What I've been attempting to do over the past few months is try a new approach - notice what stories I am starting to create about things I actually don't really know about (what's going on in other people's heads is really the main thing), and then think, Do I need that story?

What I want to do is ditch the stories I tell myself that create stress. Sounds simple, eh? It's not. Clearly. Otherwise we'd all be doing it. But I am getting much better and faster at noticing when a story is starting up. Mindfulness, right? (Learning to meditate 11 years ago was a great thing, although bloody hard to actually put into practice, I've found).
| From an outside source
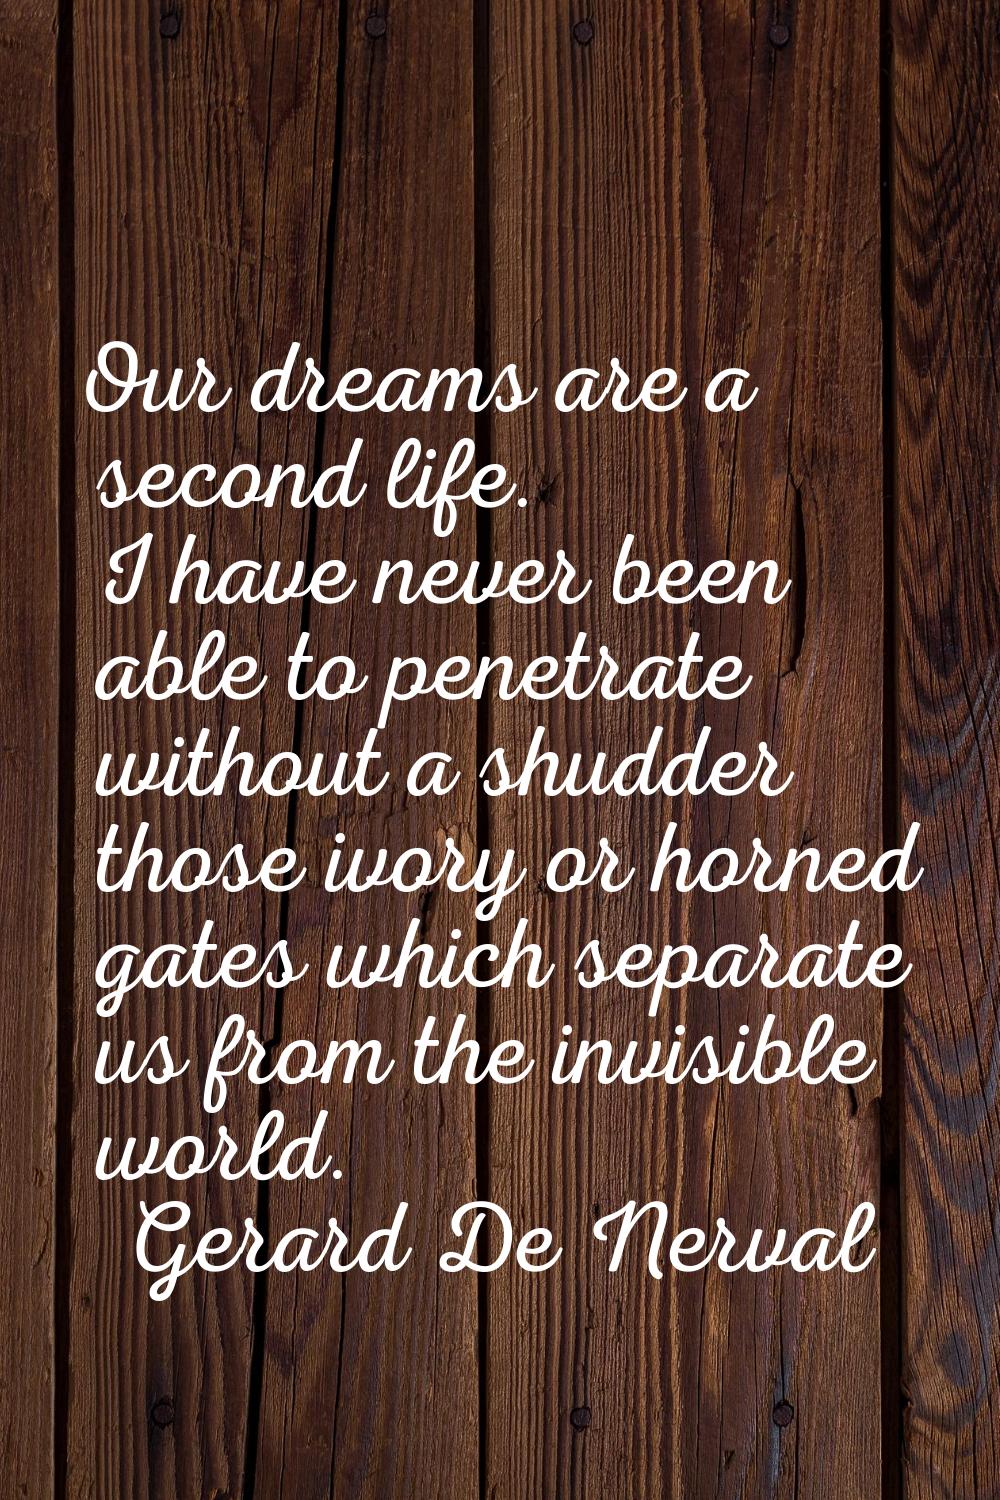 Our dreams are a second life. I have never been able to penetrate without a shudder those ivory or

Another thing I've been thinking about is our tendency to want to persuade people of our stories, because we are pretty wedded to them. And I'm noticing that a little more too - I can say to myself "That's X's story, which is great for them, they can have that, but I don't have to take it on." Now this is MUCH much harder than it sounds. I keep finding myself stuck in other people's - or society's - stories. Society needs its stories too - and conveys them to us through adverts, say, and other media, of course. (see excellent book and blog, Rewriting the Rules, for more on the difficulty of being in conflict with society's stories). They are all around us. I passed an antismoking billboard on my way home today and it's the campaign that has a child talking to a parent who died from lung cancer, wishing they were still around. Not just "Stop smoking - it's bad", but a fully-formed story.

If it is possible to have storyless plot - stuff happens - is there plotless story too, something that makes us feel without in some way "happening"? I've been thinking about this too (yes, I think a lot. A lot.) I think music is plotless story for me. My favourite song makes me instantly happy, can completely change my mood. But is it an event, per se? Perhaps all art is plotless story in this respect? Is art's "aim", if it has an aim, to make us feel something? (Regarding "making yourself happy", an interesting TED talk on "synthetic" versus "natural" happiness).

I think I should wind up now, I have a lot more thoughts, this is very much a work in progress (perhaps for the rest of my life), and I am very conscious of not wanting to try and persuade any of you to "take on" my story about story. All I will say is that I seem to have managed to dampen down my stress-creating mechanism considerably. I have found a way and a language that speaks to me - the language of fiction-writing, of plot-and-storyness.

It seems my own stories, and my own writing, have been telling me something it has taken me years to listen to. My own work has become more minimalist and surreal over the past few years, and I have felt for a long time that I was giving the reader more authority over the story, I wasn't demanding it be read a certain way. I was letting go, saying, Here, take it, make of it what you will.

I think that's what I'd like to do in my life, too. Loosen my grasp. If we are all storifying creatures, I won't try and stop it, but it helps me to notice it. To say, Oh look at me and that story I am starting to tell myself about X! And it often now makes me laugh, the amazing stories I started weaving around the most tenuous of plots! What an imagination we have!

Do you have any thoughts on this, anything comments, any critique? I welcome it, as I've said this is work-in-progress. Let's discuss!